Lal Pur is a district in eastern Nangarhar Province, Afghanistan, bordering Pakistan. The population is primarily Pashtun and estimated to be 34,516 in 2002 (including 13,800 children under 12). The district center is the village of Lal Pur.

Lal Pur is home to many Afghan statesmen of the past century. The Khan of Lalpur Momands, is a well-known family from Lal Pur.
Khan Kor, which translates to Royal Family of Khan, are among the most powerful Mohmand's. The Khan was regarded as the King of Mohmand by many famous Afghans such as Amir Sher Ali Khan. The Khan had control over all the Mohmand’s and continues to have influence over Lal Pur.

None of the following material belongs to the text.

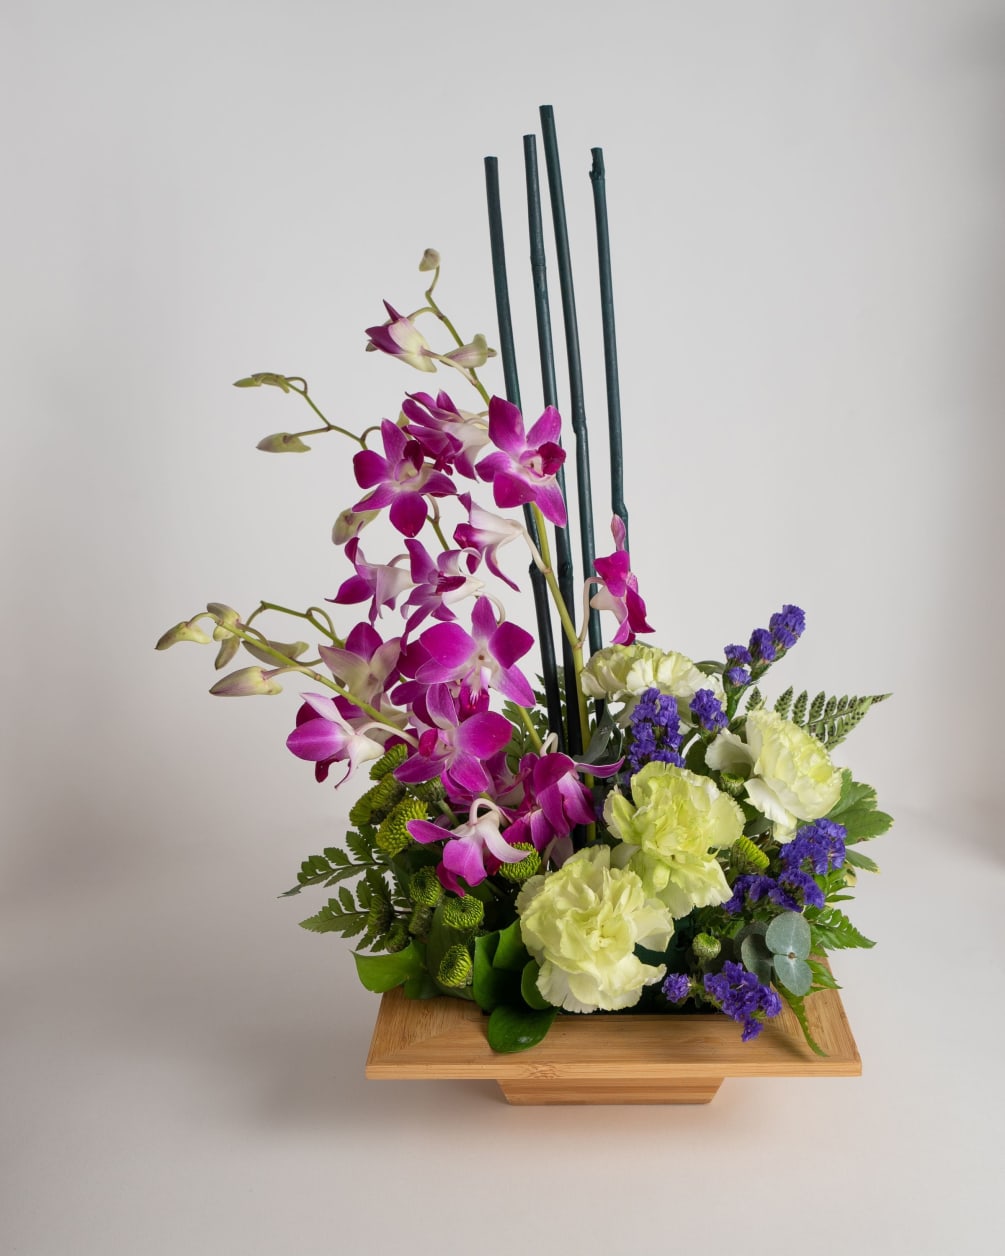 A dazzling display of Dendrobium Orchids in a bed of complimentary flowers.

Lal Pur was a famous trade route. The Khan would collect taxes from the traders. Lal Pur was considered to be a kingdom.

Saadat Khan Mohmand of Lal Pur was the father-in-law of Amir Sher Ali Khan and was the grandfather of both Mohammad Yaqub Khan and Ayub Khan (Emir of Afghanistan), also known as "The Victor of Maiwand" or "The Afghan Prince Charlie".

The Khan of Lalpur rule was from Lal Pur, Afghanistan to Peshawar, Pakistan. The Marchakhel was the chief of Mohmand’s which had held influence throughout Mohmand tribes, excluding the Safi Momand’s which were under the influence of Khan of Bajaur. The Marchakhel family, a sub-tribe of the Tarak Zai Mohmands (Dado Khel), is a well-known family from Lal Pur. People of the Murchakhel clan mostly reside in Pakistan.